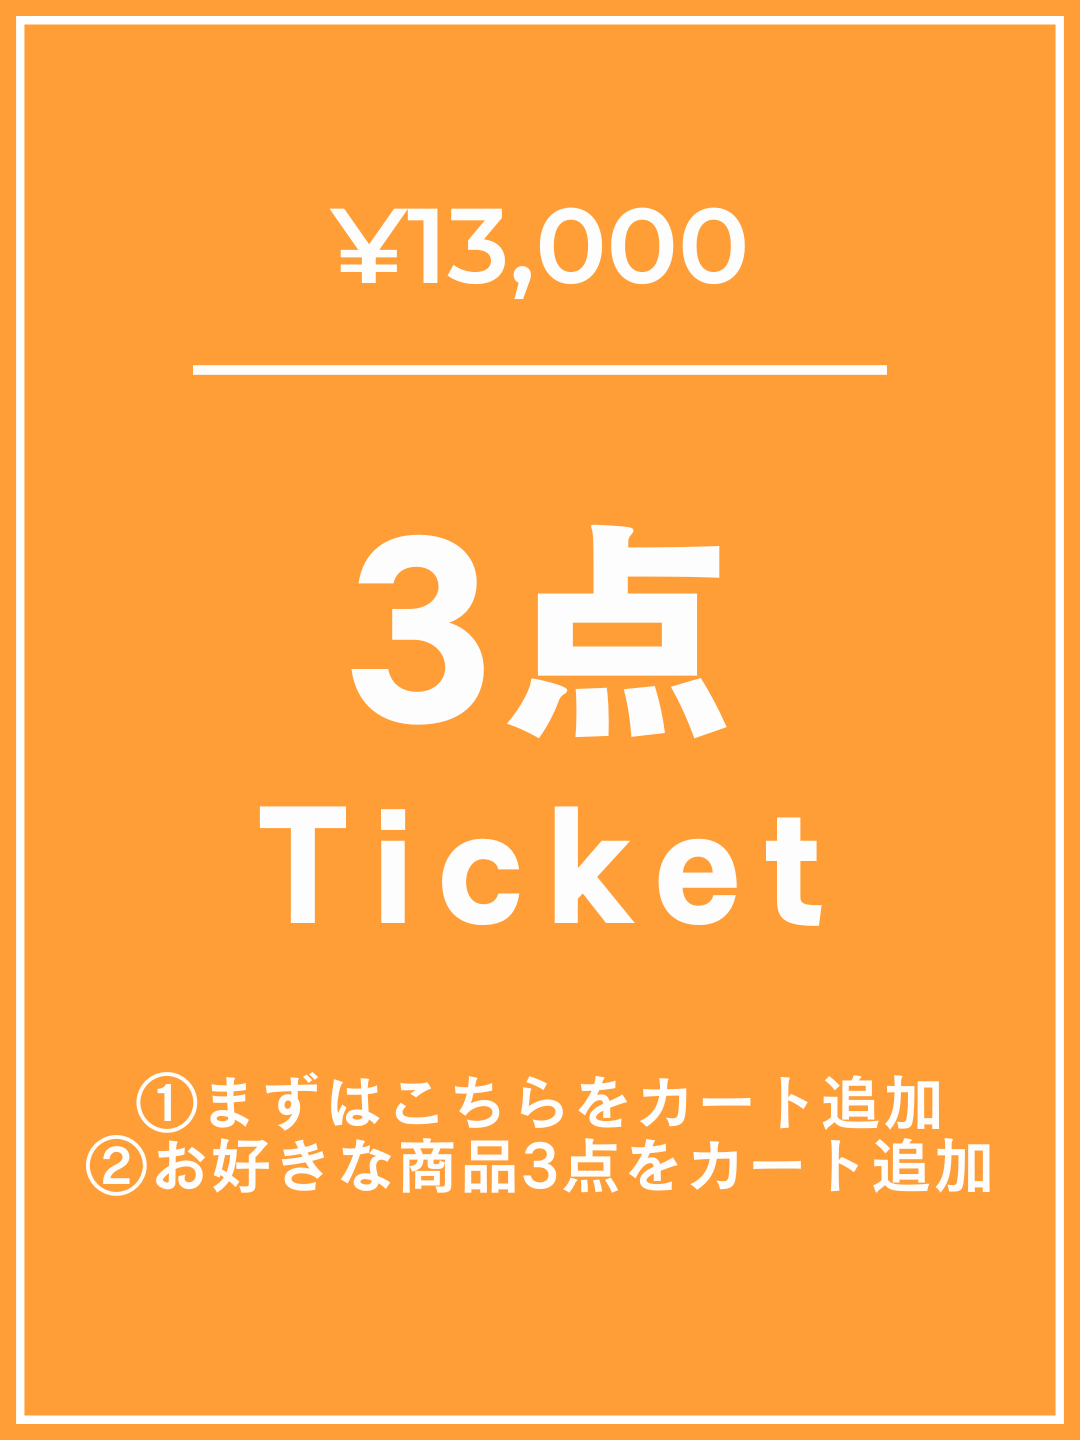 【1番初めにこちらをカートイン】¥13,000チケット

* * *

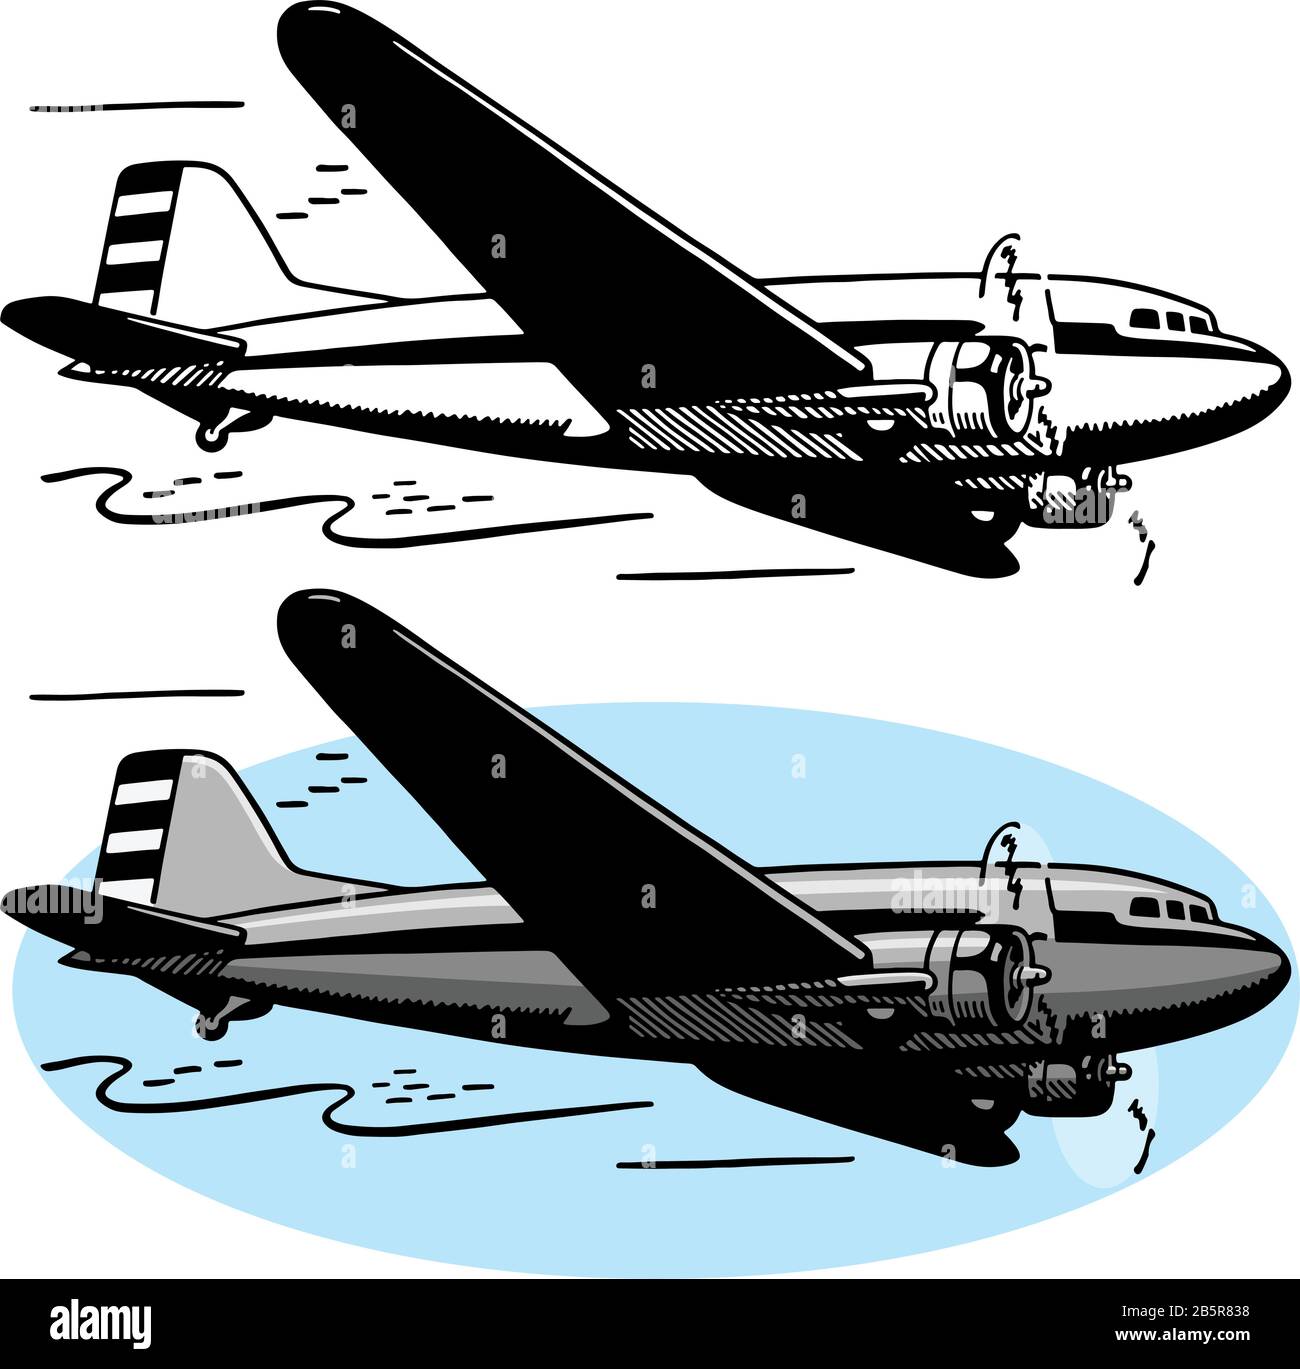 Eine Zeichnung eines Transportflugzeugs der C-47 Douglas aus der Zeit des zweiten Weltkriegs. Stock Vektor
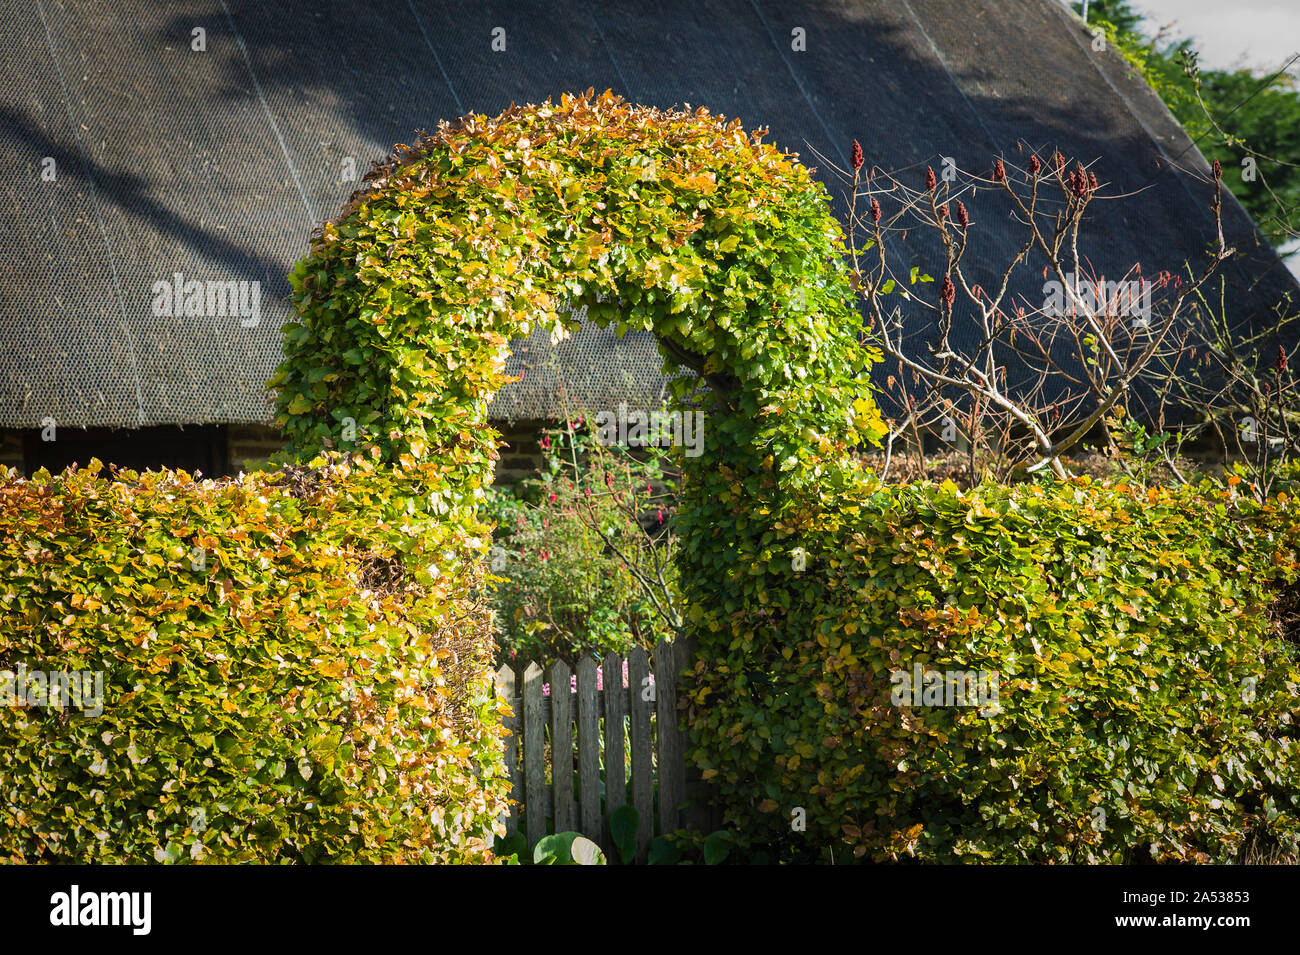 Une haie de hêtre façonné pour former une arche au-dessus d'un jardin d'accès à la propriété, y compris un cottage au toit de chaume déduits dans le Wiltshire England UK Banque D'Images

• **Try it**
Go to the line above holding "Eine Zeichnung eines", then copy exactly each line down to and including the one holding "Une haie de", leaving pictures out.

• **Written answer**
 Eine Zeichnung eines Transportflugzeugs der C-47 Douglas aus der Zeit des zweiten Weltkriegs. Stock Vektor
 Une haie de hêtre façonné pour former une arche au-dessus d'un jardin d'accès à la propriété, y compris un cottage au toit de chaume déduits dans le Wiltshire England UK Banque D'Images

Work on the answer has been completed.